*** Provided material ***
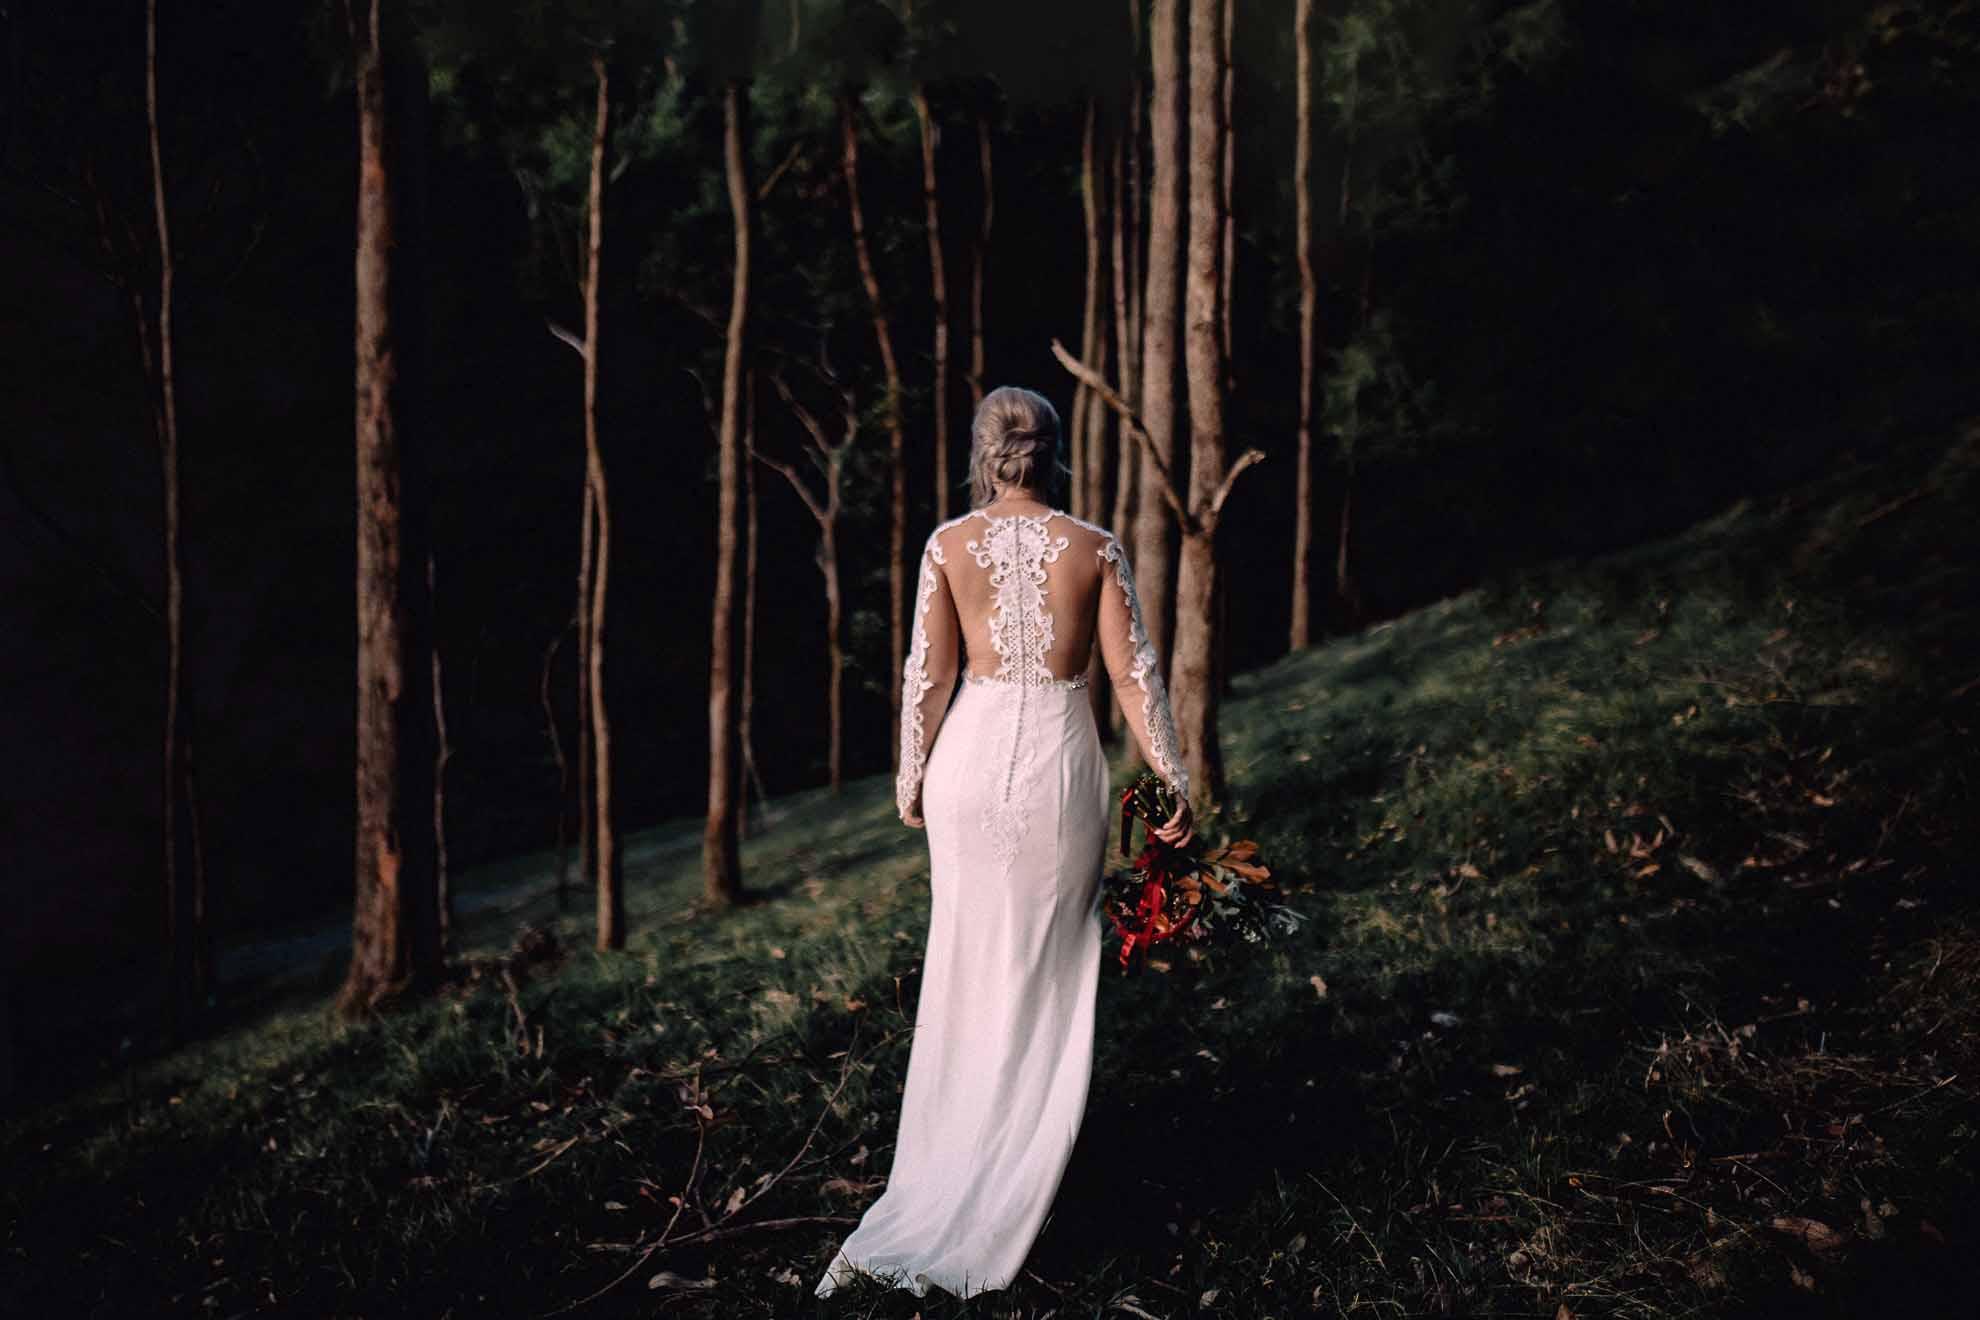 wedding-by-levien-10 copy.JPG
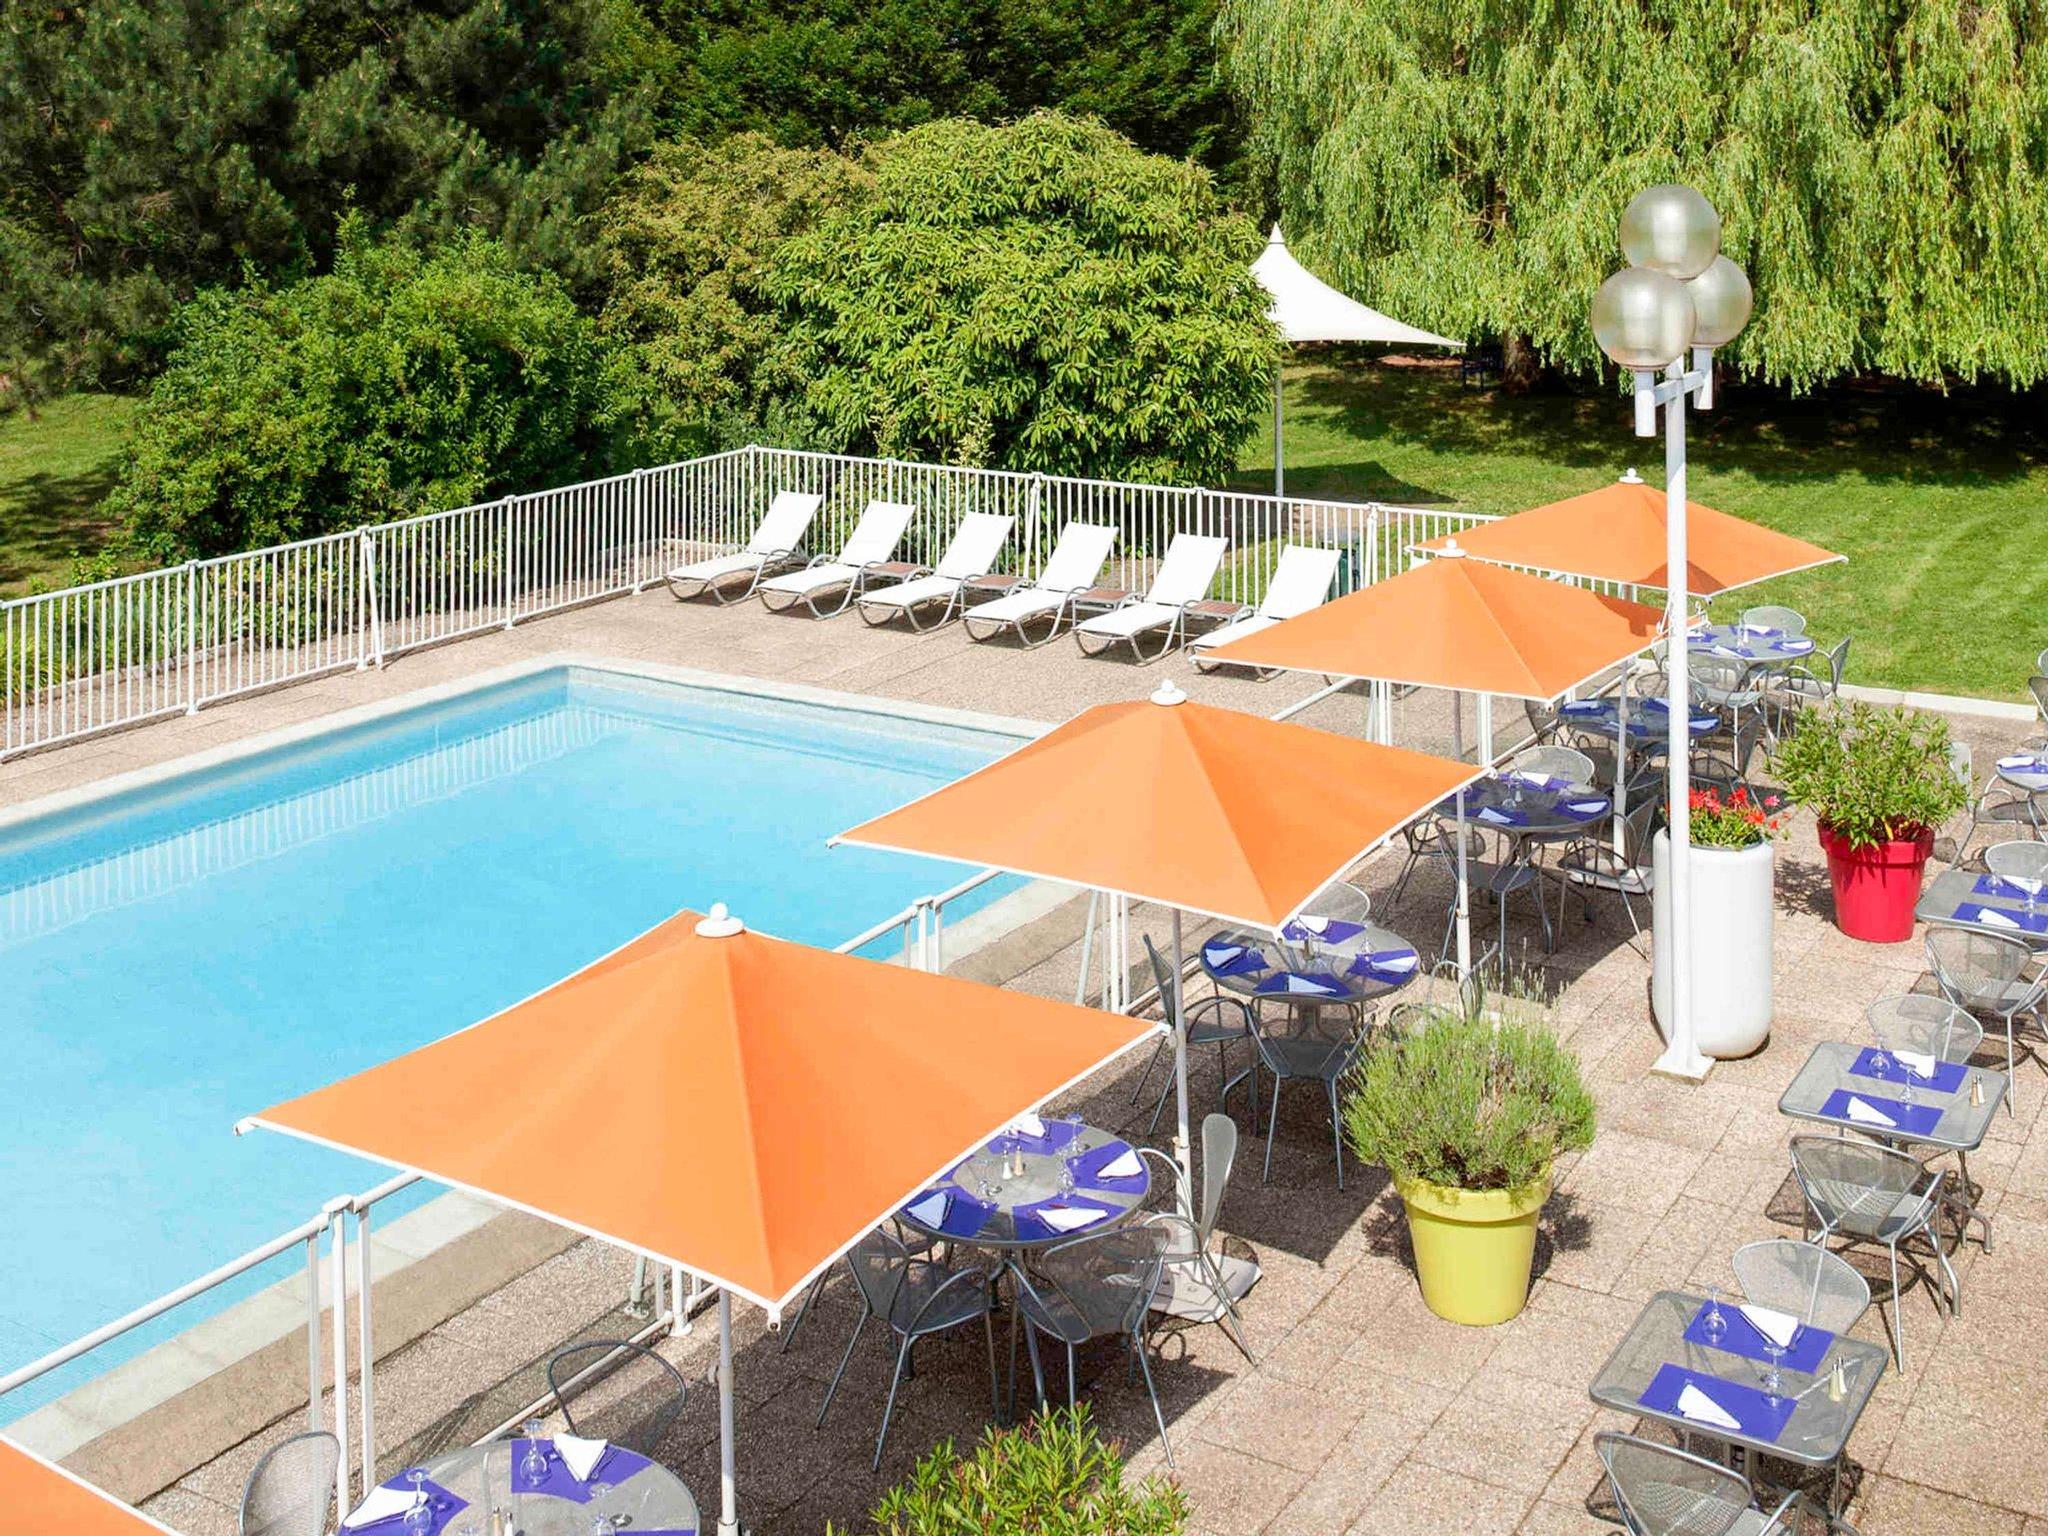 Novotel Metz Hauconcourt Hotel
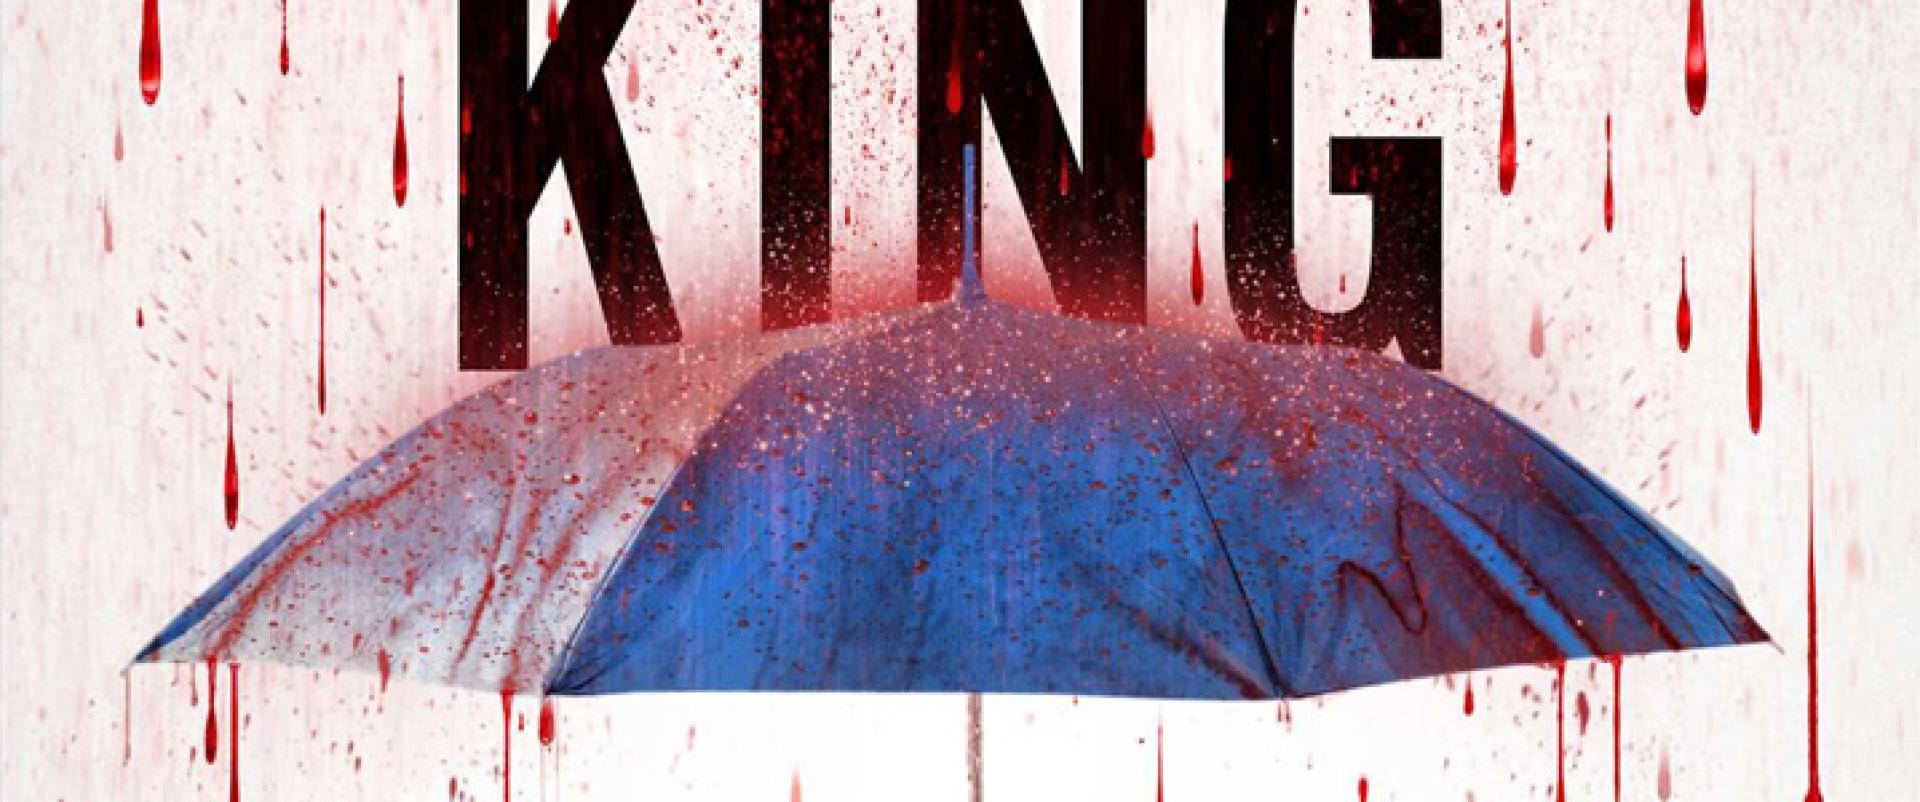 Stephen King: Mr. Mercedes (2014)
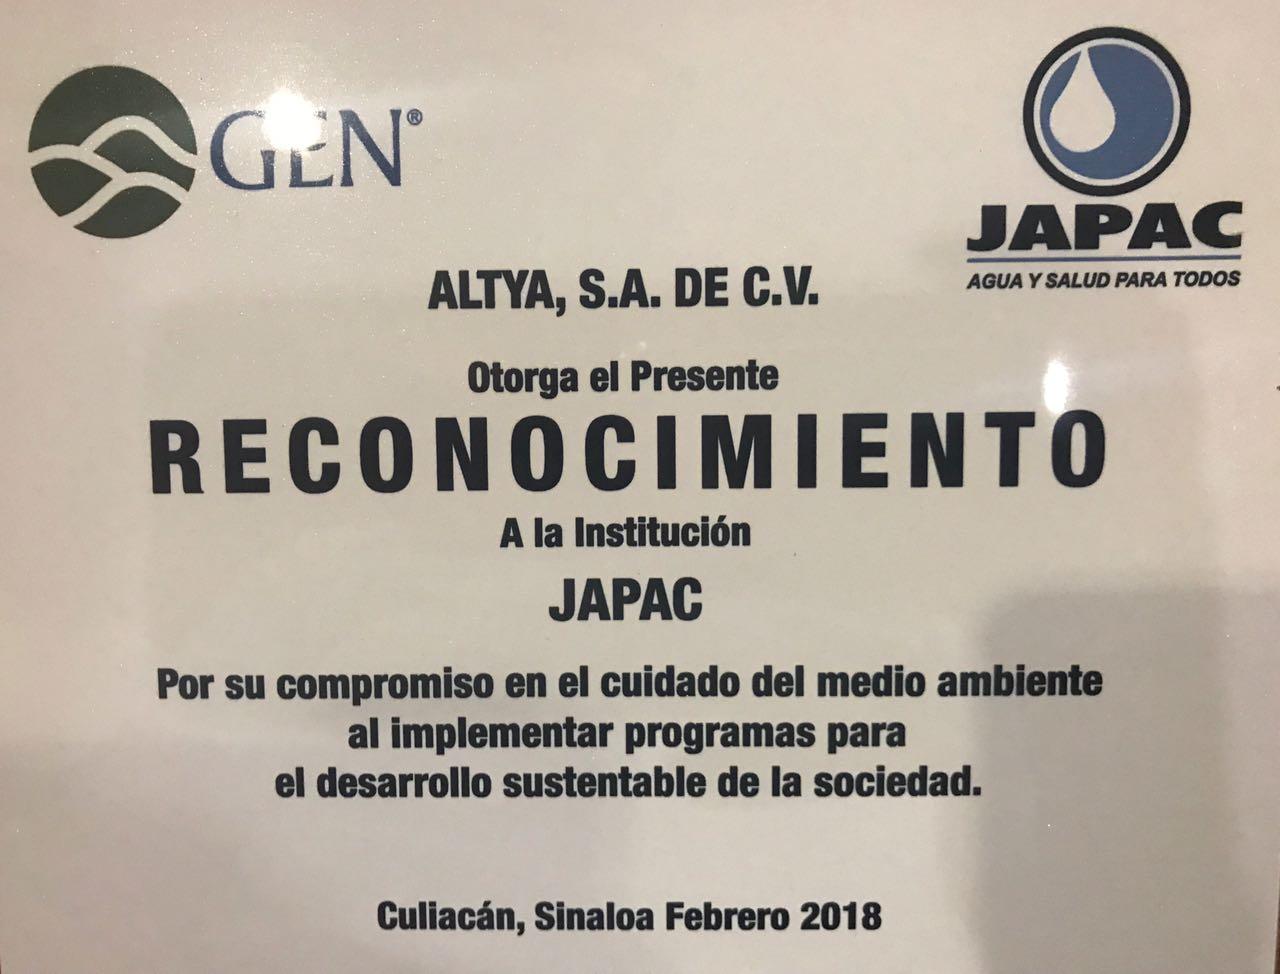 JAPAC-recibe-japac-reconocimiento-honrar-honra-02
*** End of Provided material ***
**Activity**
Return the full listing exactly as it appears above, without its pictures.

**Expected answer**
 wedding-by-levien-10 copy.JPG
 Novotel Metz Hauconcourt Hotel
 Stephen King: Mr. Mercedes (2014)
 JAPAC-recibe-japac-reconocimiento-honrar-honra-02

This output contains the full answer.